Drei Menschen ertranken am Wochenende. © Symbolbild: dpa
19.08.2013

Drei Menschen ertrinken am Wochenende

Radolfzell/ Freiberg/Konstanz. Gleich drei Menschen sind am Wochenende ertrunken. Darunter ein 78-jähriger Mann, den Kinder leblos im Bodensee treiben sahen, ein 23-jähriger Student, den Taucher der DLRG am Sonntagabend aus dem Seerhein bei Konstanz geborgen hatten - laut Medienberichten konnte der junge Mann nicht schwimmen - und ein 31-Jähriger Mann, der im Neckar ertrunken war.

Kinder hatten in Radolfzell im Bodensee einen leblos auf dem Bauch treibenden Mann entdeckt. Ersthelfer brachten den 78-Jährigen am Sonntag ans Ufer und versuchten, ihn wiederzubeleben. Ein Notarzt stellte laut Polizei aber nur noch den Tod des Mannes fest. Die Kinder sahen den Toten von einem Badestrand in Radolfzell aus.

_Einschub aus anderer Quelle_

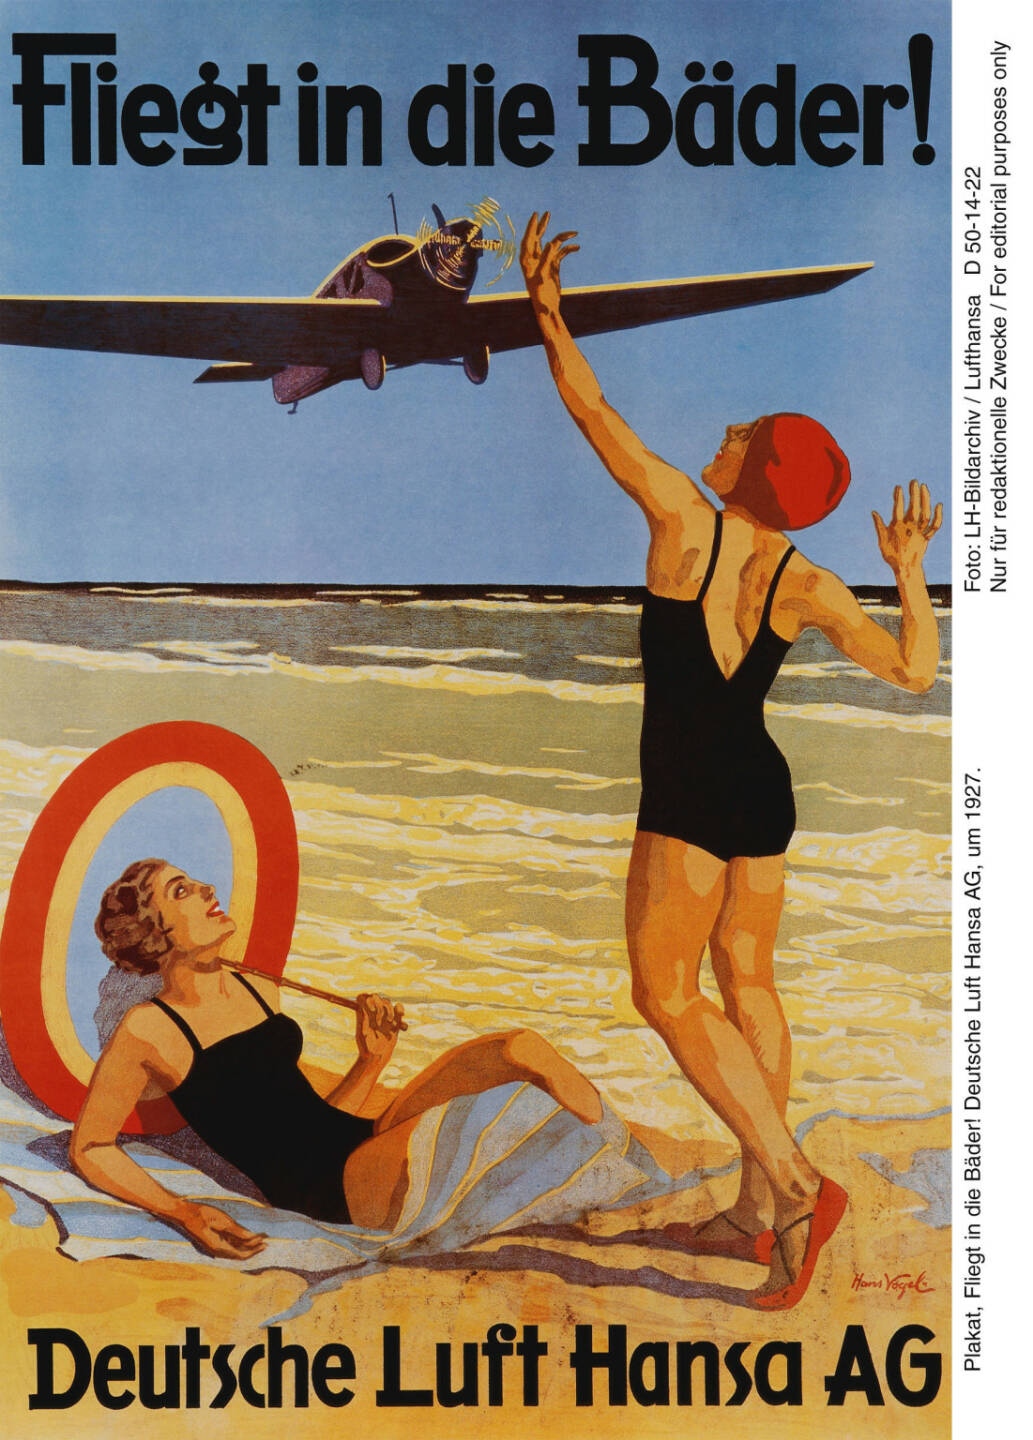 Plakat, Fliegt in die Baeder! Deutsche Lufthansa AG, um 1927. Foto: LH-Bildarchiv Lufthansa

Weshalb der Senior aus dem Kreis Breisgau-Hochschwarzwald ertrank, war zunächst unbekannt.

Der 31-jährige Mann, der bei Freiberg am Neckar (Kreis Ludwigsburg) im Neckar ertrunken war, erreichte das Ufer des Flusses nicht mehr. Warum der Mann unterging, war nach Angaben der Polizei vom Montag noch unklar. Eine Zeugin hatte am Sonntagnachmittag sofort die Feuerwehr verständigt. Die Rettungstaucher konnten den Schwimmer jedoch nur noch tot aus dem Fluss bergen. Was den Mann dazu bewogen hatte, den Neckar zu durchqueren, wusste zunächst niemand.

Der 23 Jahre alter Mann, der nach einem Badeunfall in Konstanz gestorben war, war Student und sei am Sonntagabend mit Freunden ins Wasser gegangen und mehrere Meter vom Ufer entfernt untergegangen, teilte die Polizei am Montag mit. An der Unfallstelle, dem sogenannten «Seerhein», durchströmt der Rhein den Bodensee. Da das Wasser dort sehr stark bewachsen sei, hätten Einsatzkräfte den Mann erst rund eine Stunde später bergen können.